# Available data
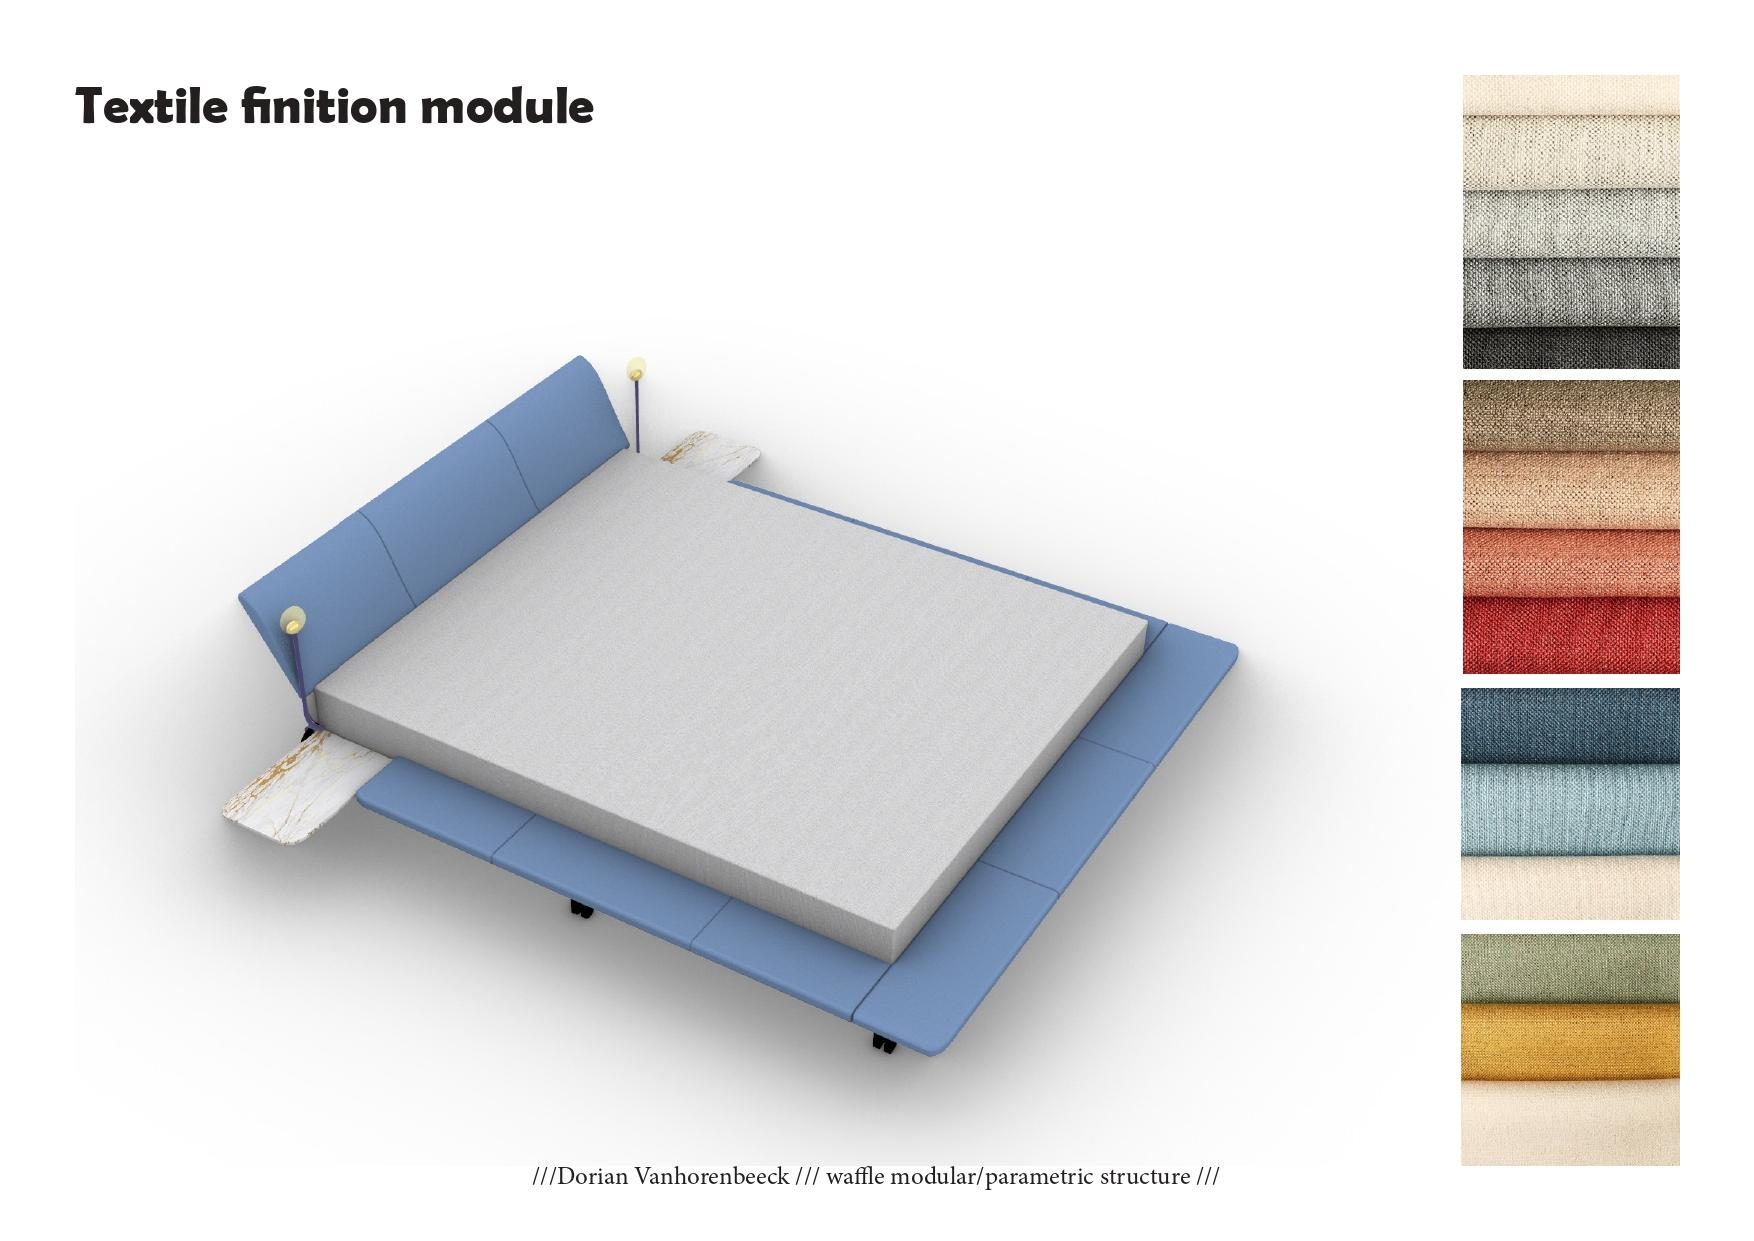 Livret Waffle modular-parametric Structure Dorian Vanhorenbeeck_page-0012
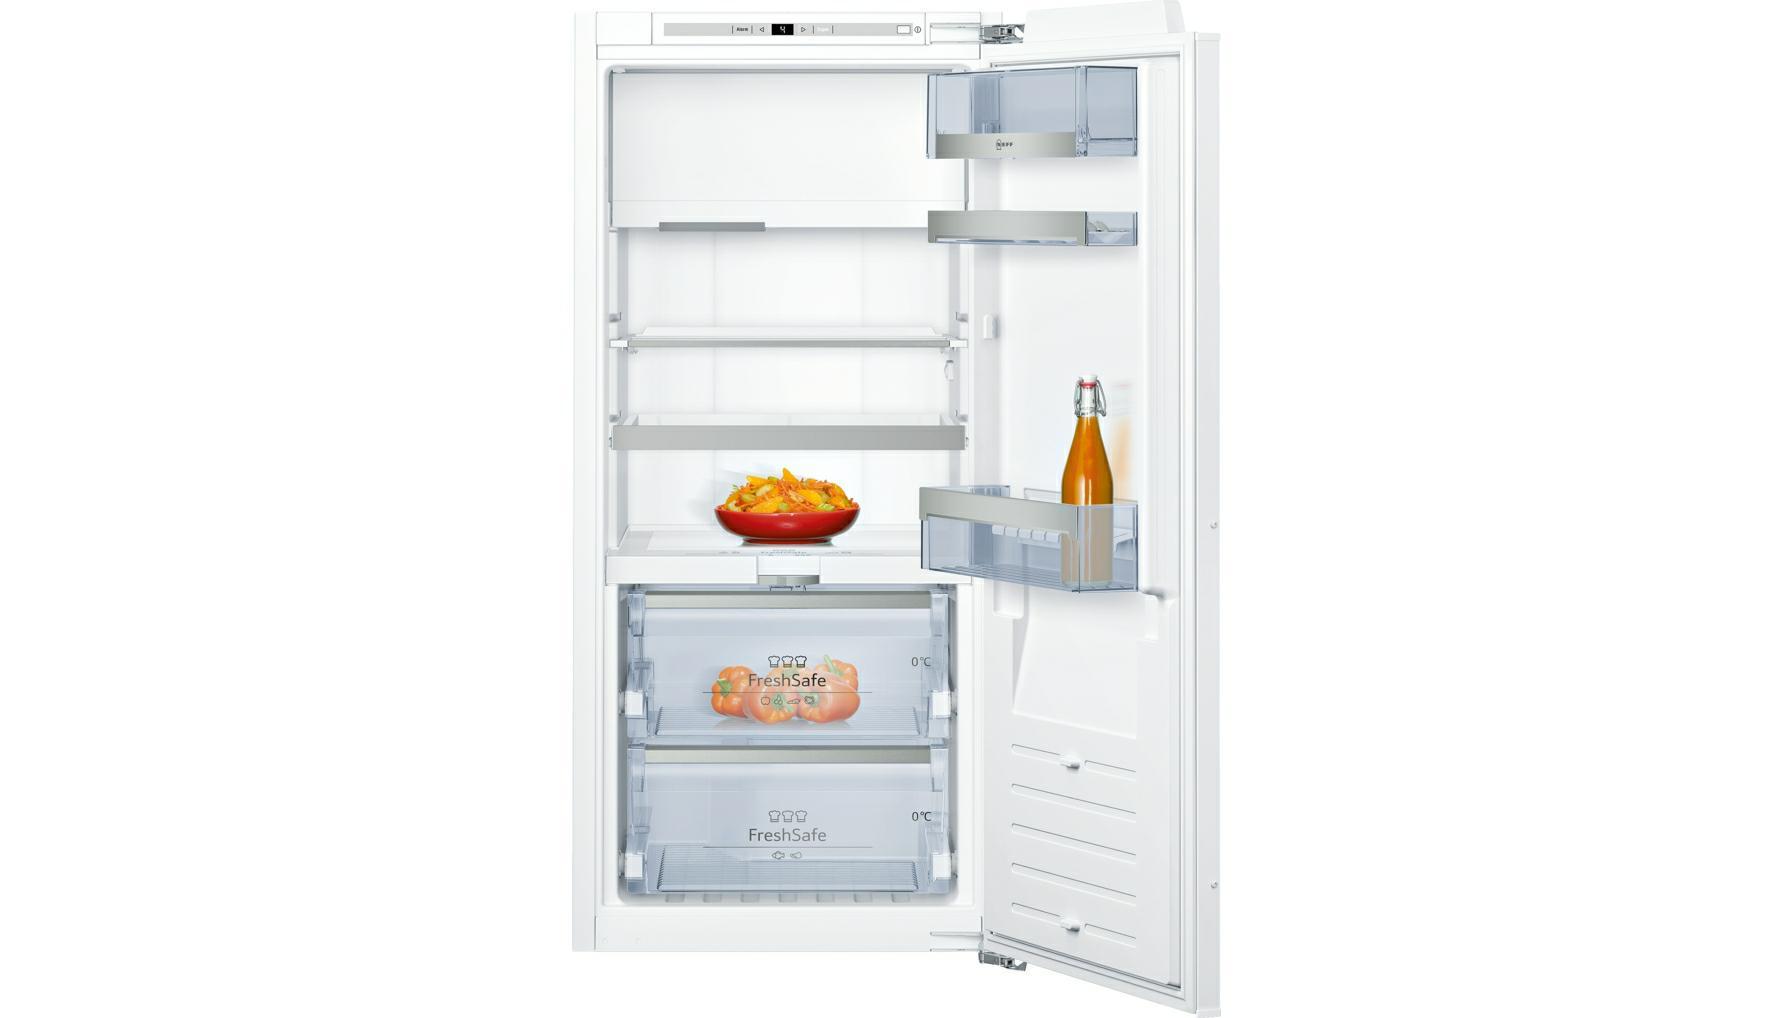 koelkast inbouw met vriesvak Neff KI8423D40 koelkast inbouw met vriesvak
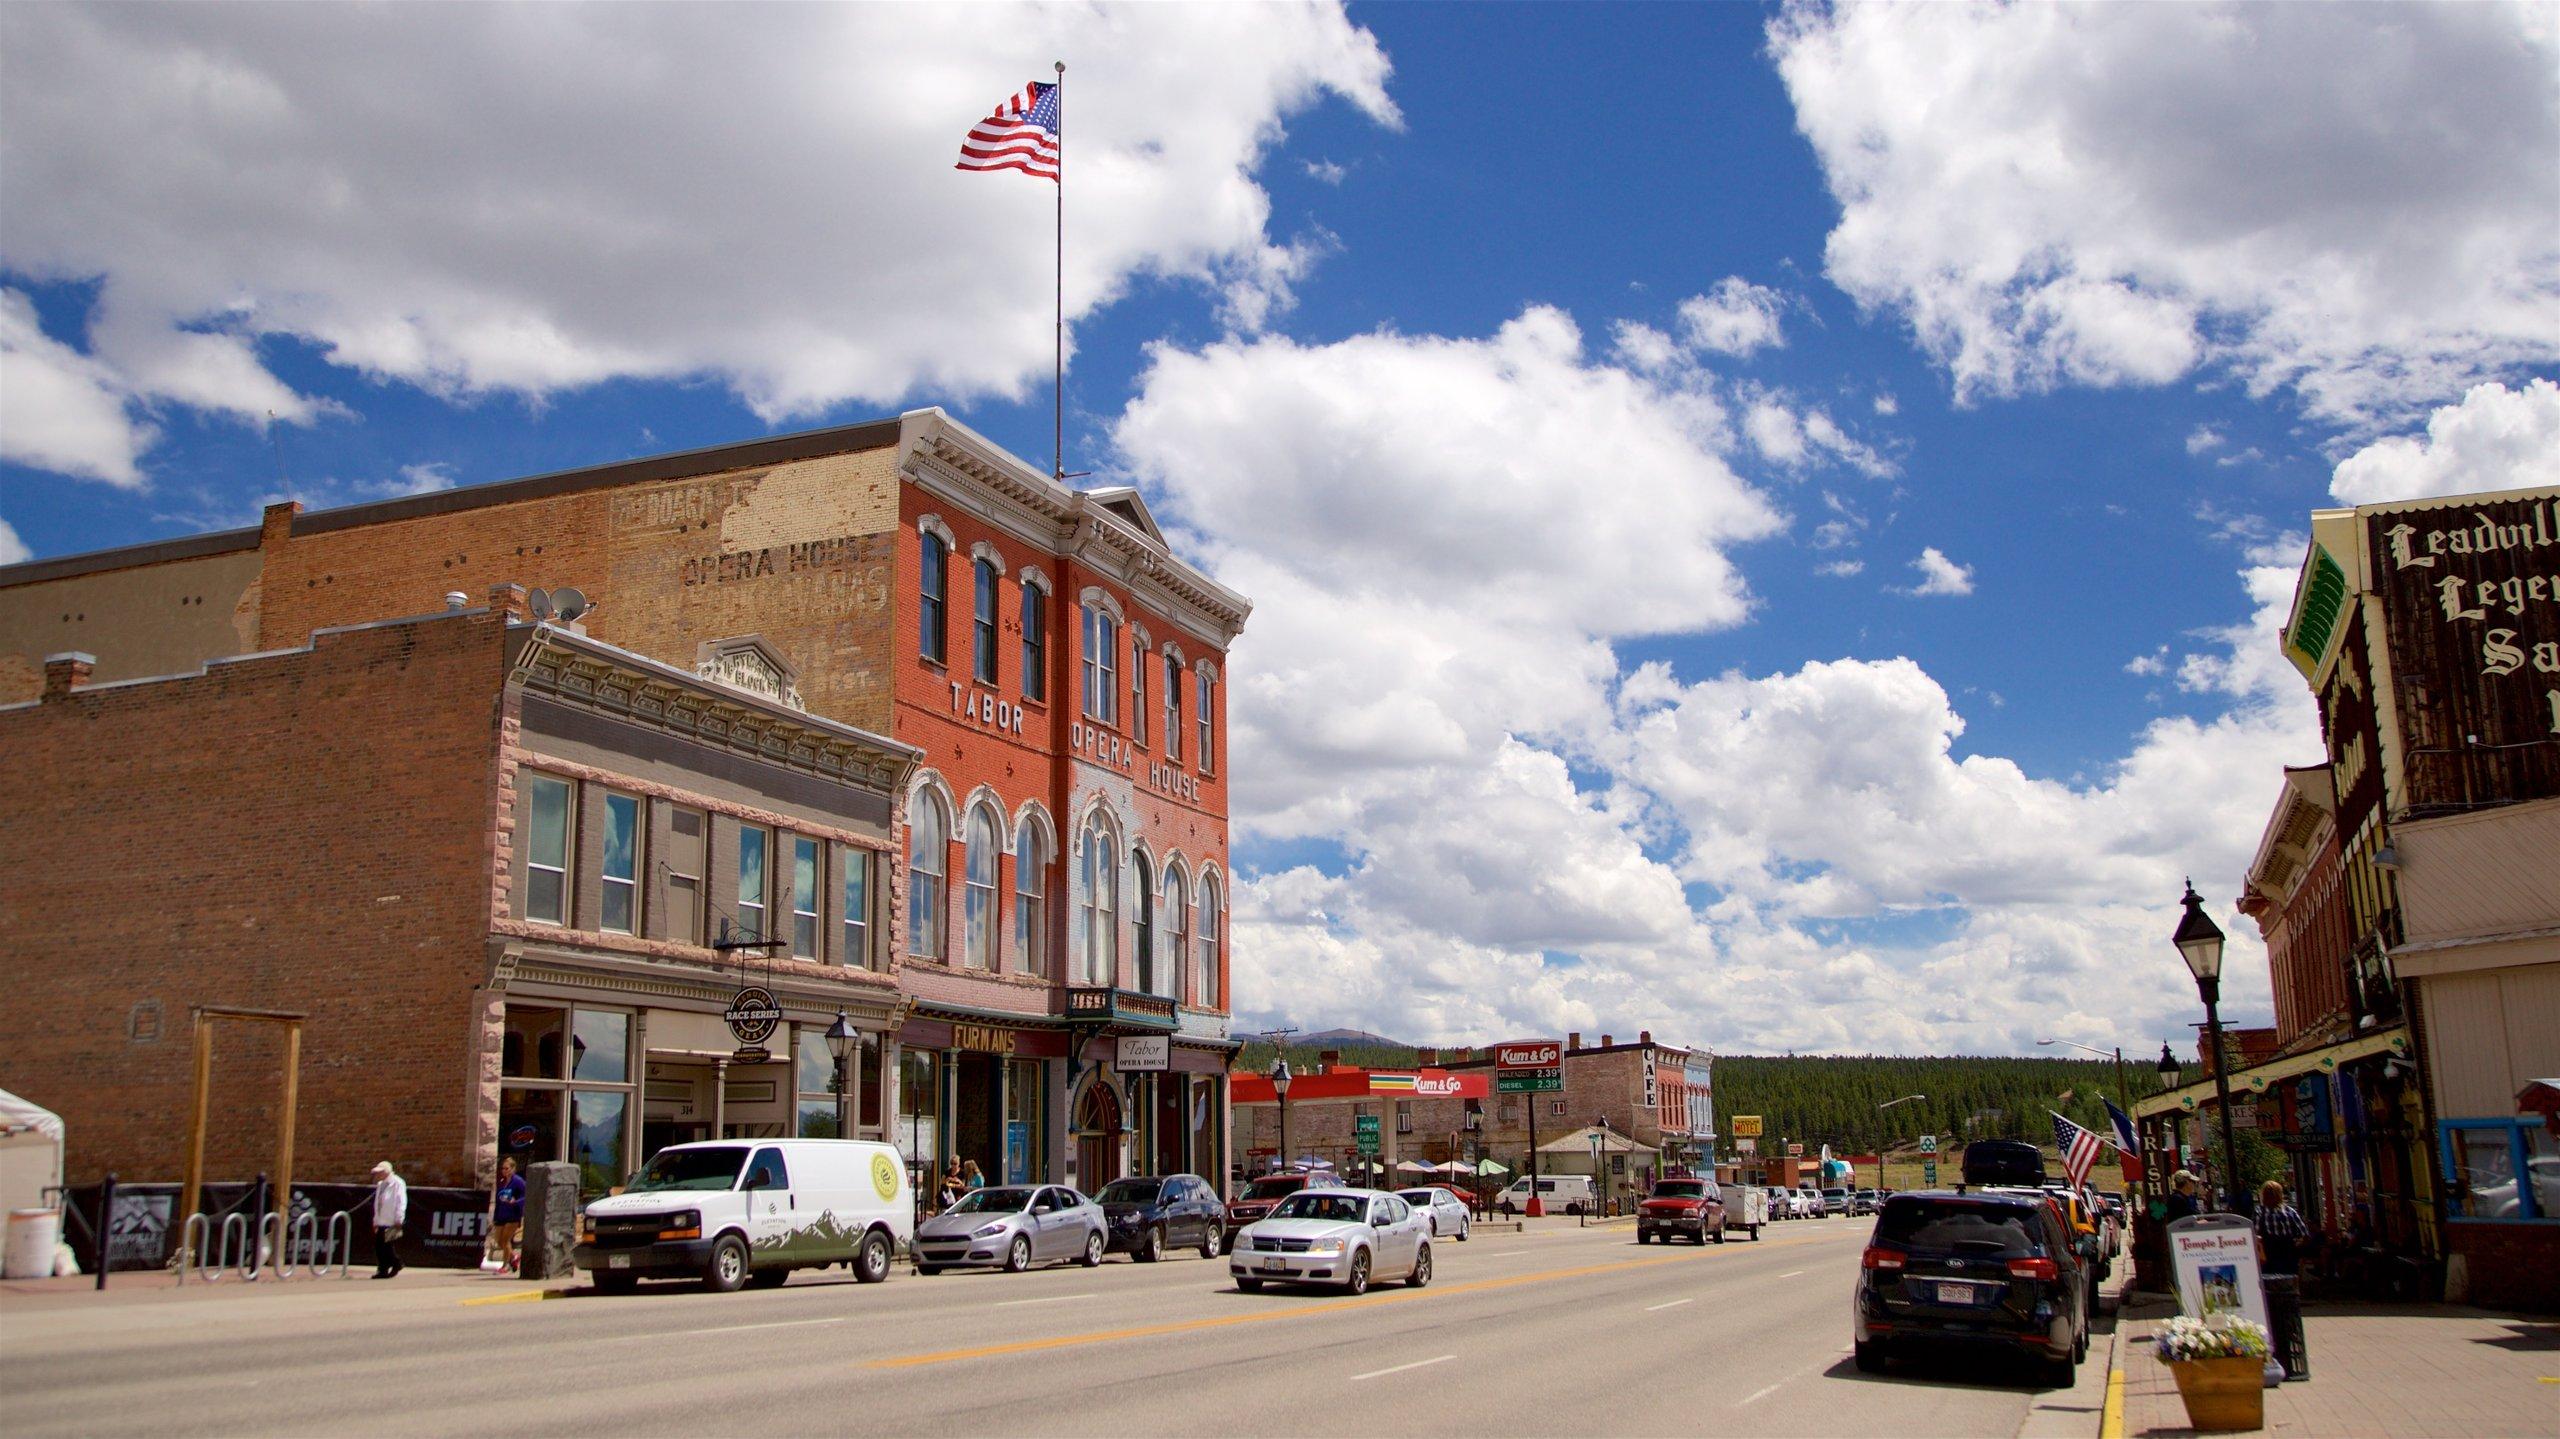 Leadville, Colorado, United States of America

# Work required
Provide a precise transcription of the listing, excluding each picture.

# Output for this exercise
 Livret Waffle modular-parametric Structure Dorian Vanhorenbeeck_page-0012
 koelkast inbouw met vriesvak Neff KI8423D40 koelkast inbouw met vriesvak
 Leadville, Colorado, United States of America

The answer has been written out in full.